-- SUPPLIED INFORMATION --
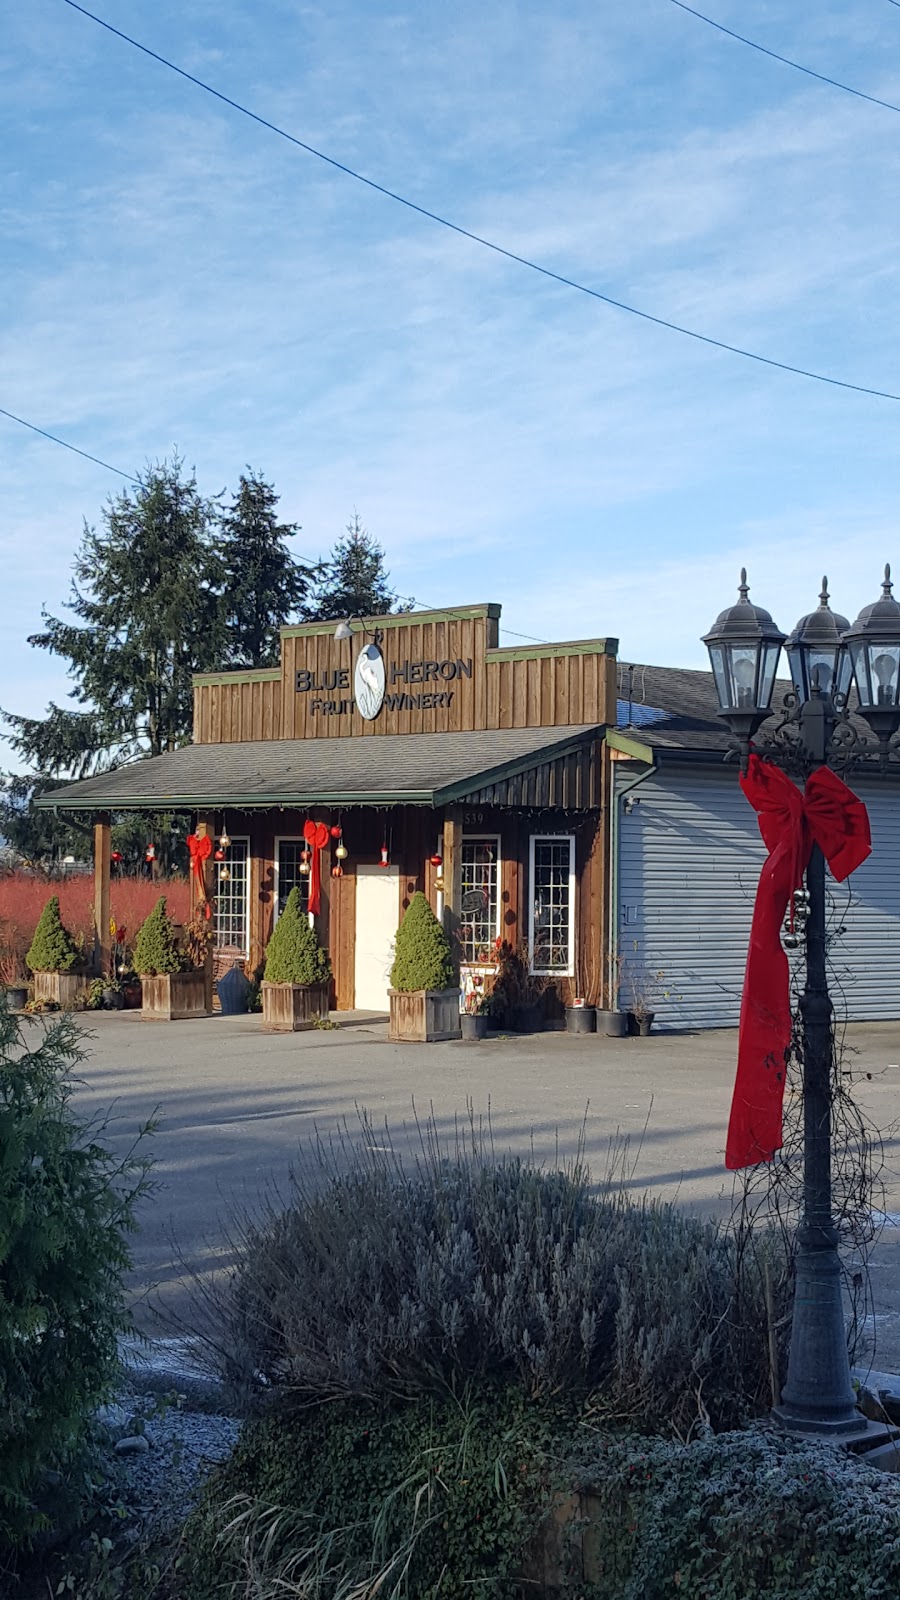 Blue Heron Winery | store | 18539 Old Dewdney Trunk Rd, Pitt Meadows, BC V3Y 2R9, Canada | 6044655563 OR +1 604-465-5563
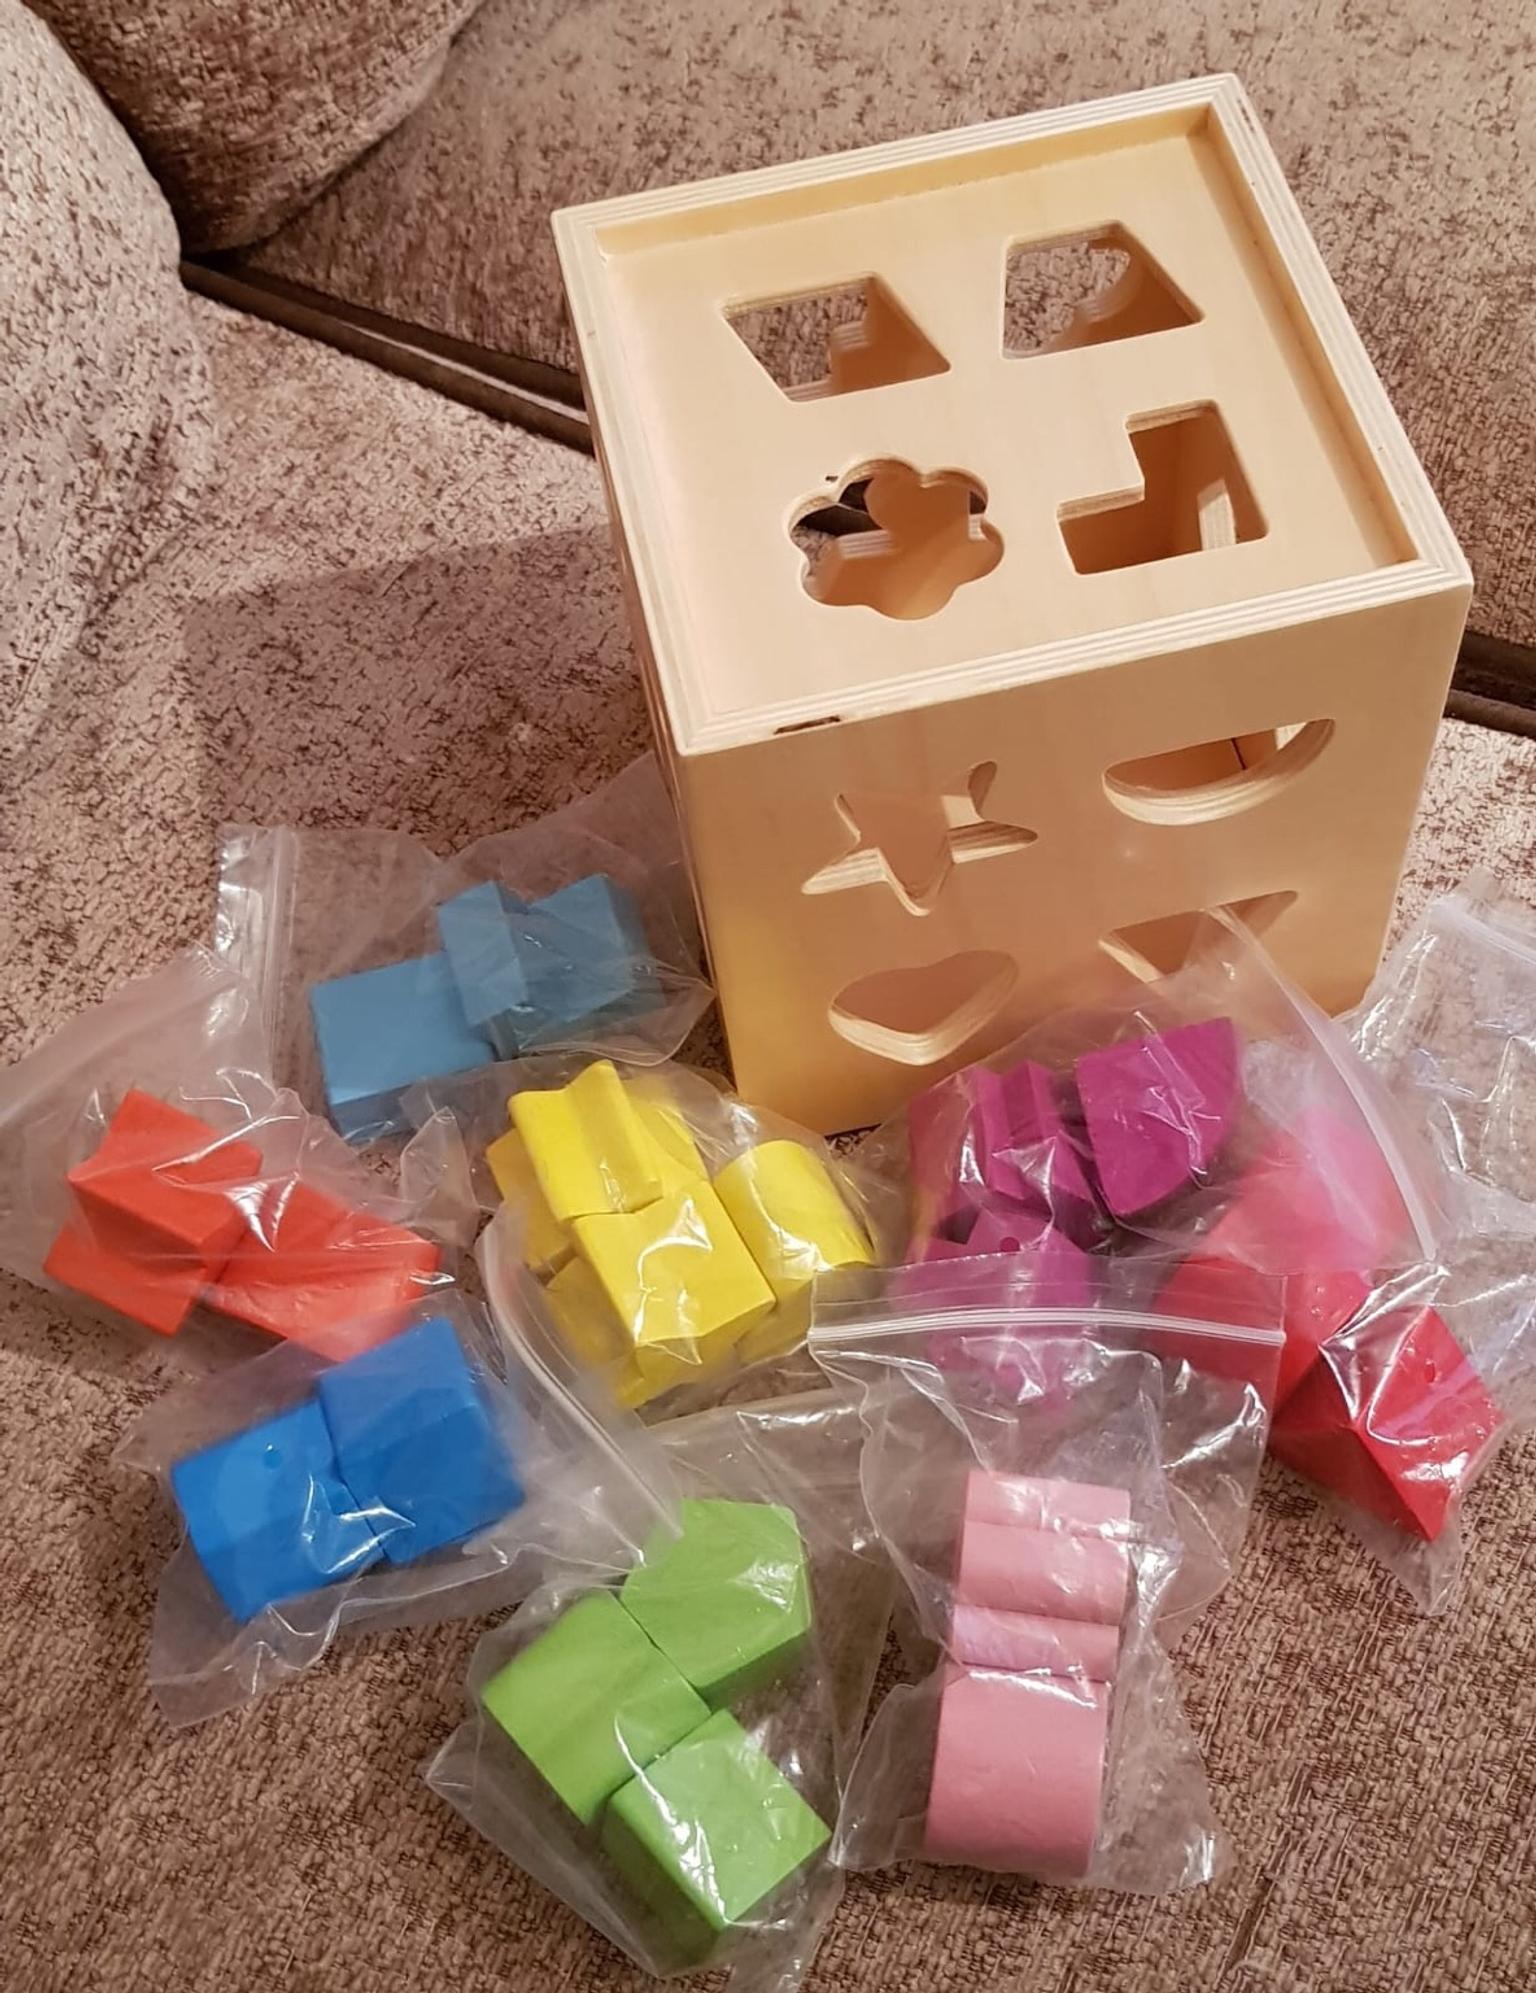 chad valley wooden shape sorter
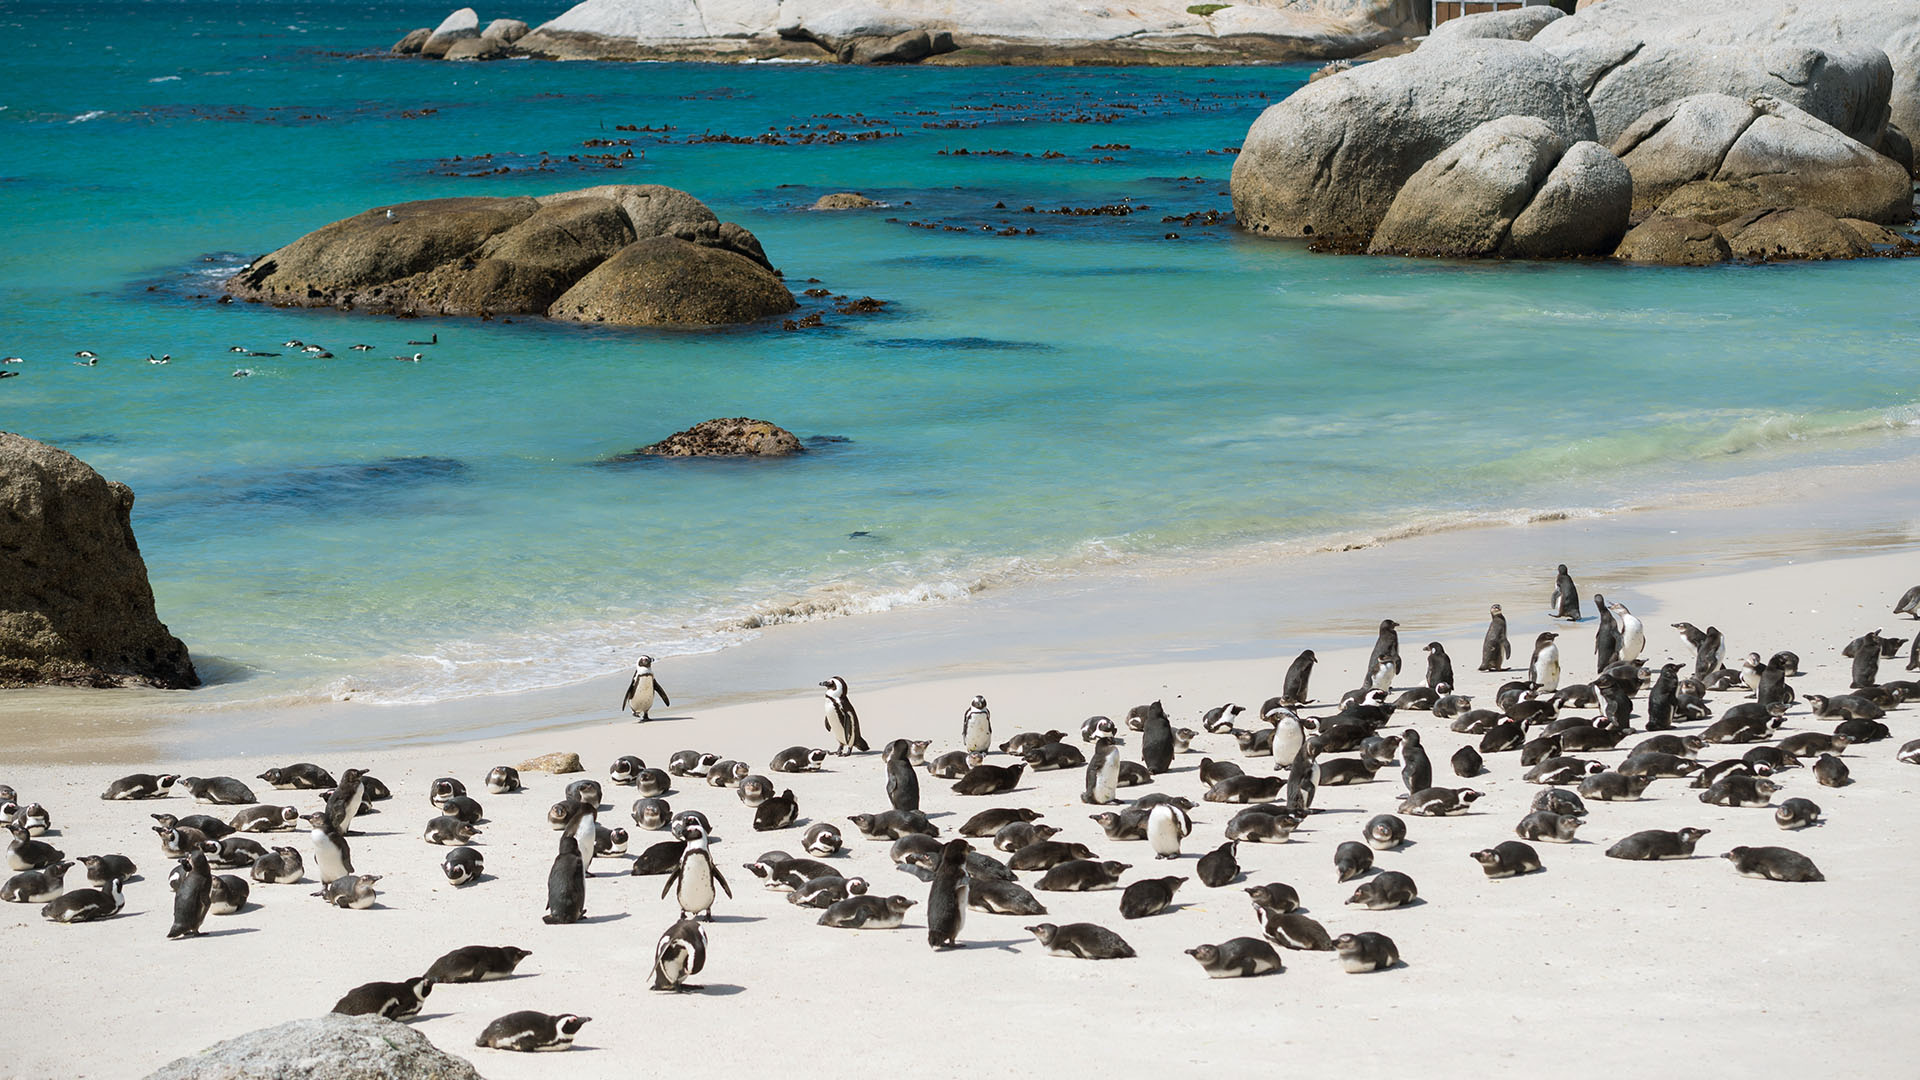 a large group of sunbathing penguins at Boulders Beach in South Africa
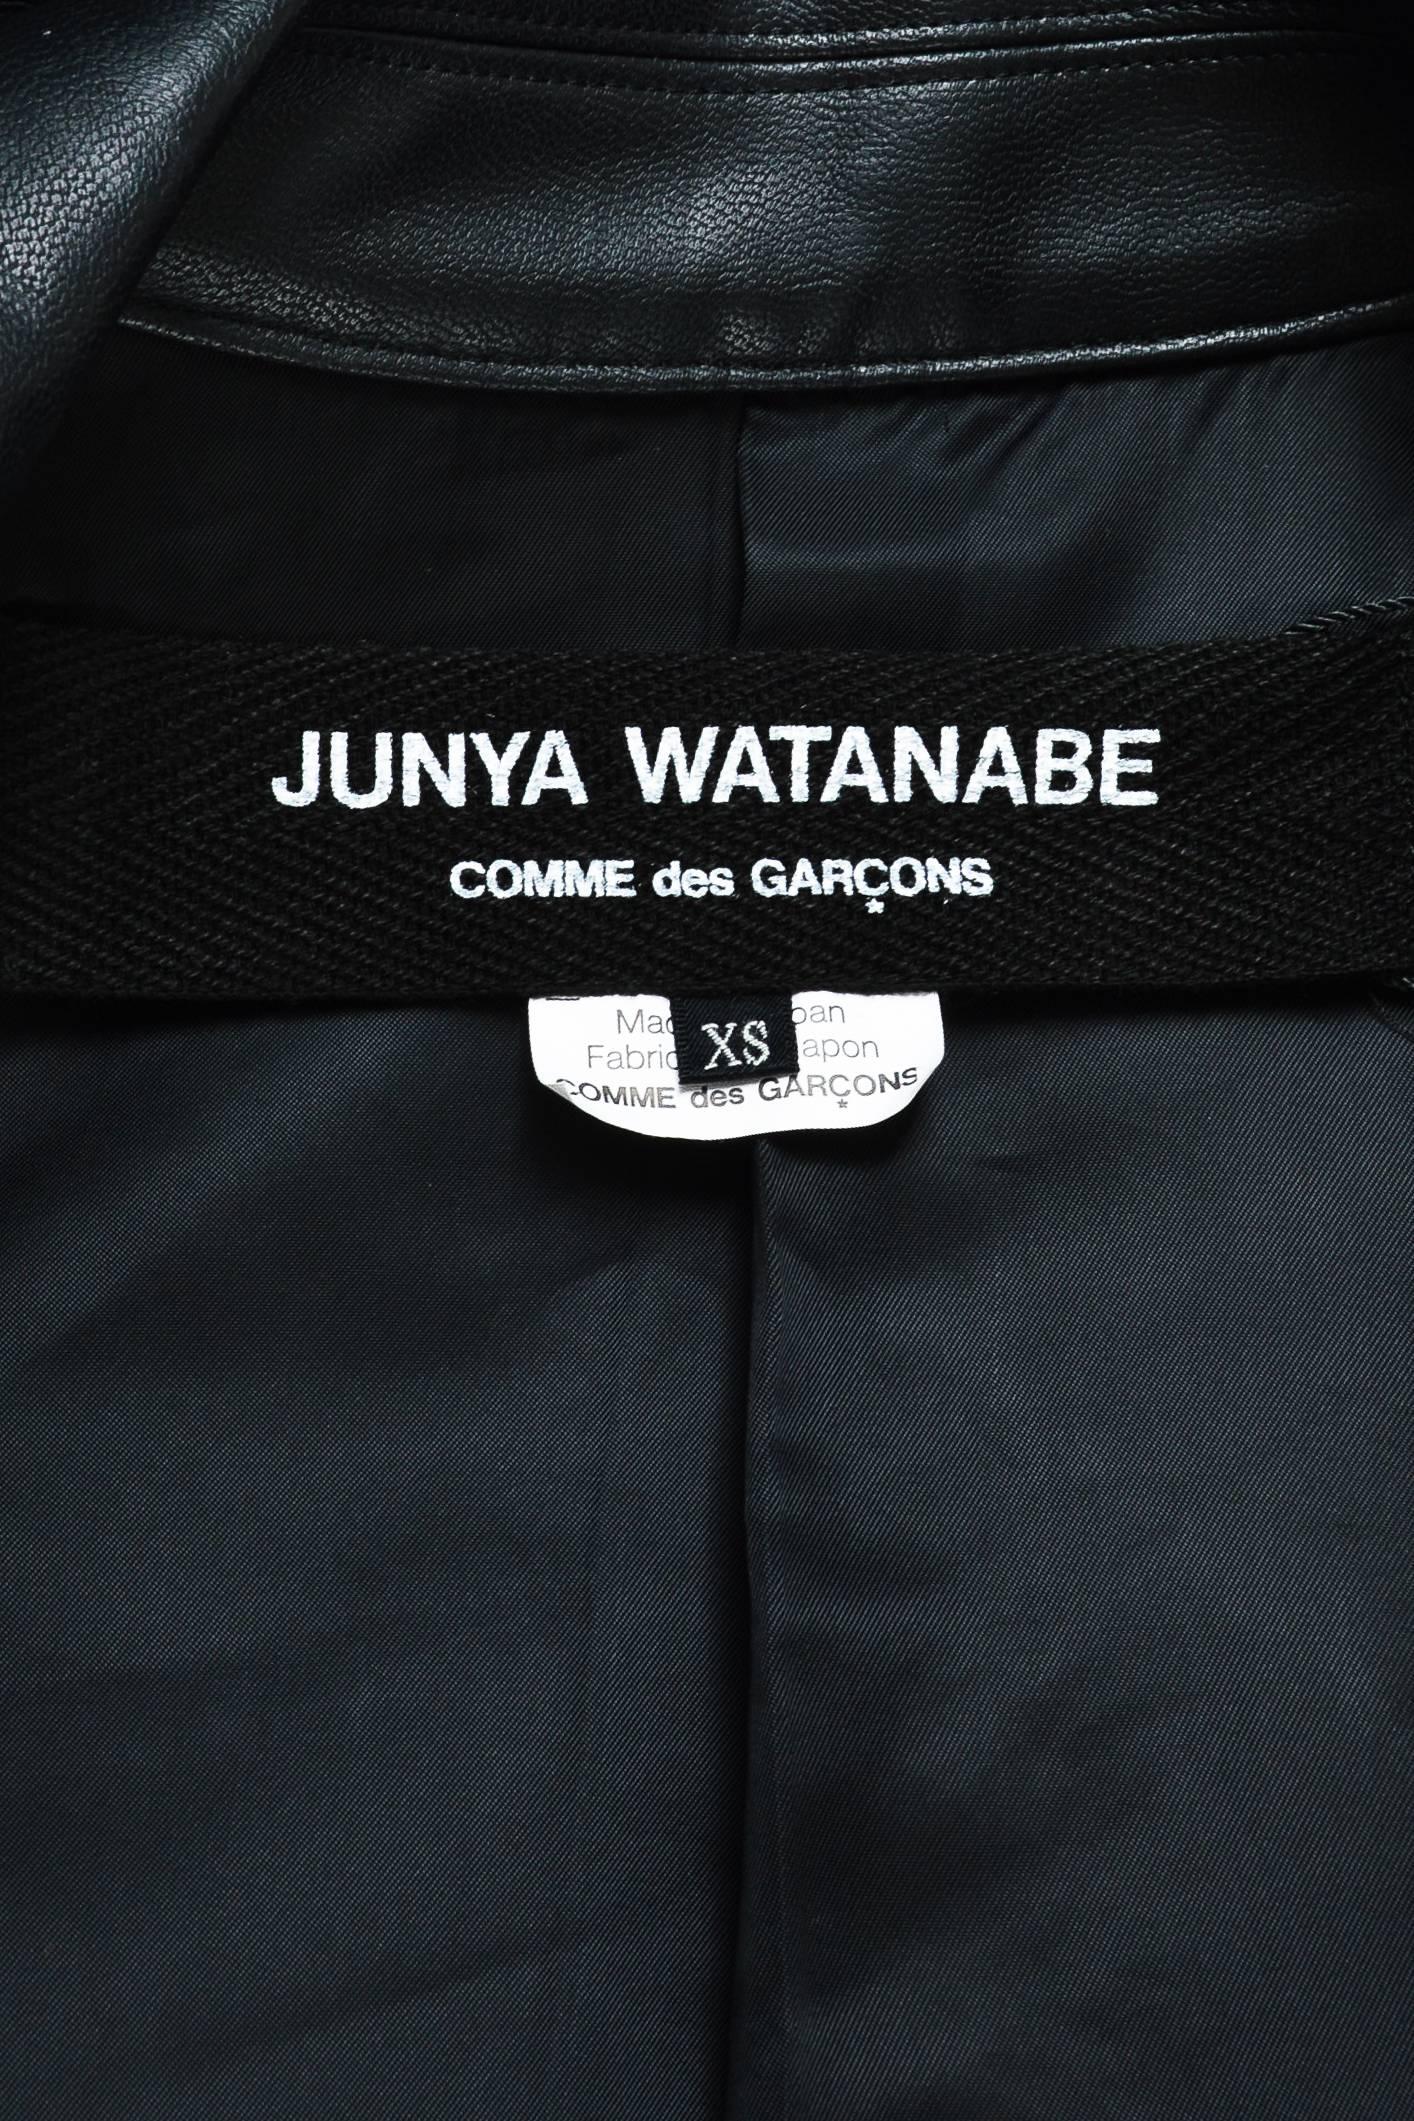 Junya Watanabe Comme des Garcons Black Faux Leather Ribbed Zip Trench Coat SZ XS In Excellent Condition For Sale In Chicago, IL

-- TASK STATEMENT --
No pictures go in the copy. Set down all the data exactly.

-- EXERCISE RESULT --
 Blue Heron Winery | store | 18539 Old Dewdney Trunk Rd, Pitt Meadows, BC V3Y 2R9, Canada | 6044655563 OR +1 604-465-5563
 chad valley wooden shape sorter
 a large group of sunbathing penguins at Boulders Beach in South Africa
 Junya Watanabe Comme des Garcons Black Faux Leather Ribbed Zip Trench Coat SZ XS In Excellent Condition For Sale In Chicago, IL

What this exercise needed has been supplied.